Но тех, кто пытался противостоять хаосу, воровству и
бесчинствам, оставалось все меньше. Сестра Арина оправилась после травмы,
уехала в свою обитель под Москвой. Васильев отпросился в отпуск, сказал, что
хочет навестить родственников в деревне, и всё не возвращался. Хирург Потапенко
стал потихоньку пить, и вот уже несколько раз во время операций Михаил
Владимирович замечал, что от него пахнет спиртным.

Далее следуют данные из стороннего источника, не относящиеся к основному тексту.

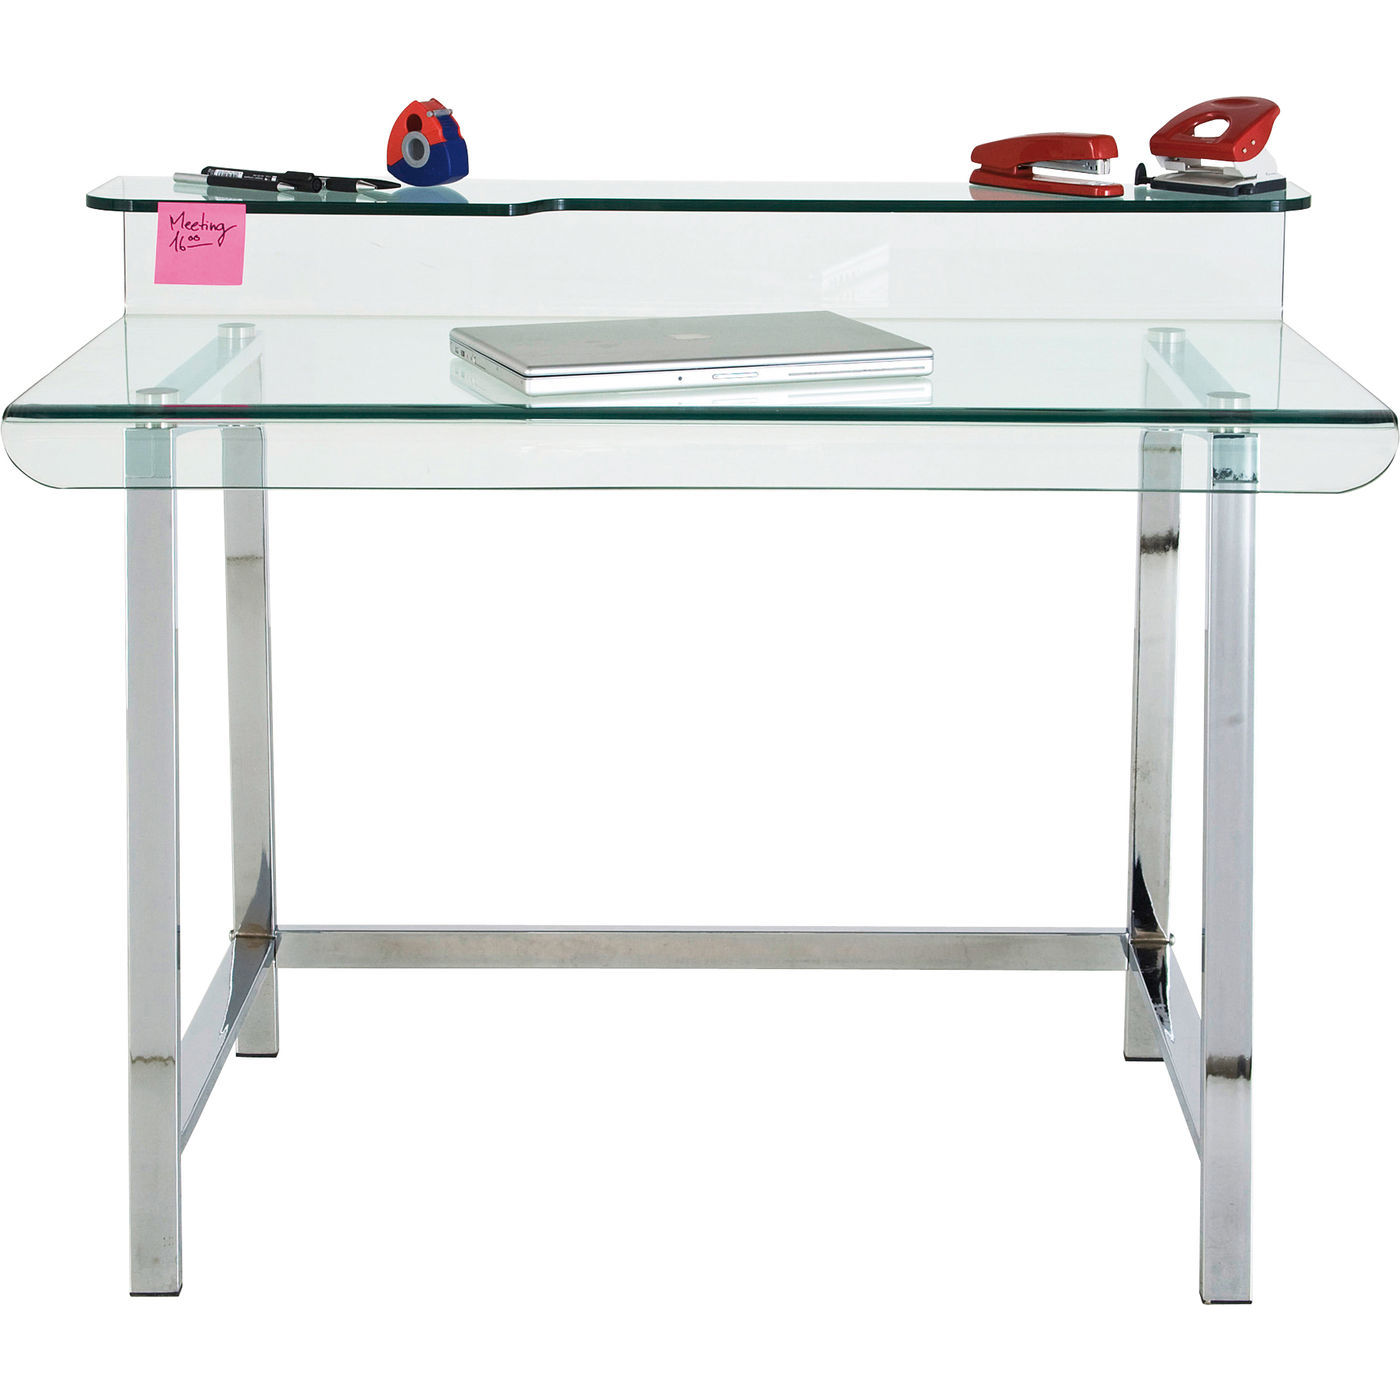 KARE DESIGN Visible skrivebord - glas og stål thumbnail

Раненых офицеров приходилось класть в солдатские палаты, там
постоянно случались стычки. Обстановка в госпитале стала не просто нервозной, а
взрывоопасной. Молодой поручик, перенёсший сложную операцию на брюшной полости,
выживший чудом, влез на тумбочку и произносил речь в защиту конституционной
демократии. Орал так, что у него разошлись швы, открылось кровотечение. Он
свалился и рассёк висок о железную спинку кровати. На следующий день умер, не
приходя в сознание.
Однажды прямо в операционную ворвался выздоравливающий
солдат, оттолкнул двух сестёр так, что они упали на пол, схватил скальпель и
помчался назад, в палату, разбираться с каким-то из своих политических
оппонентов.
— Так работать невозможно, — сказал Михаил Владимирович, — я
не психиатр и не городовой.
Они с Агапкиным возвращались домой ранним утром. Небо едва
светлело, ещё видны были звезды. Подморозило, оледенелые бурые листья хрустели
под ногами. Кажется, в Москве не осталось ни одного дворника, ни одного
извозчика. Иногда мимо проносились грузовики, броневики. В предрассветной
тишине грохот казался оглушительным. Профессор вздрагивал. Он был слишком легко
одет и мёрз, он похудел, осунулся.
— Может быть, пора уволиться из госпиталя? — спросил
Агапкин.
— Не знаю. Я хороший хирург. Не могу без практики. Да и
жалованье.
— Вы можете жить на гонорары.
— С начала учебного года я ещё не получил за лекции ни
копейки. Все обещают, но вряд ли выплатят. Банк, в котором хранились мои
сбережения, исчез ещё в марте. То ли лопнул, то ли просто хозяева удрали за
границу.
— Мне всегда казалось, вы богаты, — признался Агапкин.
— Богаты торговцы, чиновники, банкиры. Я всего лишь лекарь,
и таким же лекарем был мой отец. Правда, ни он, ни я никогда не бедствовали,
привыкли жить, не думая о завтрашнем дне. Я отлично зарабатывал, но и тратил
много. Нет. Уволиться из госпиталя я не могу. Я должен кормить детей.
— Таня замужем, — осторожно заметил Агапкин.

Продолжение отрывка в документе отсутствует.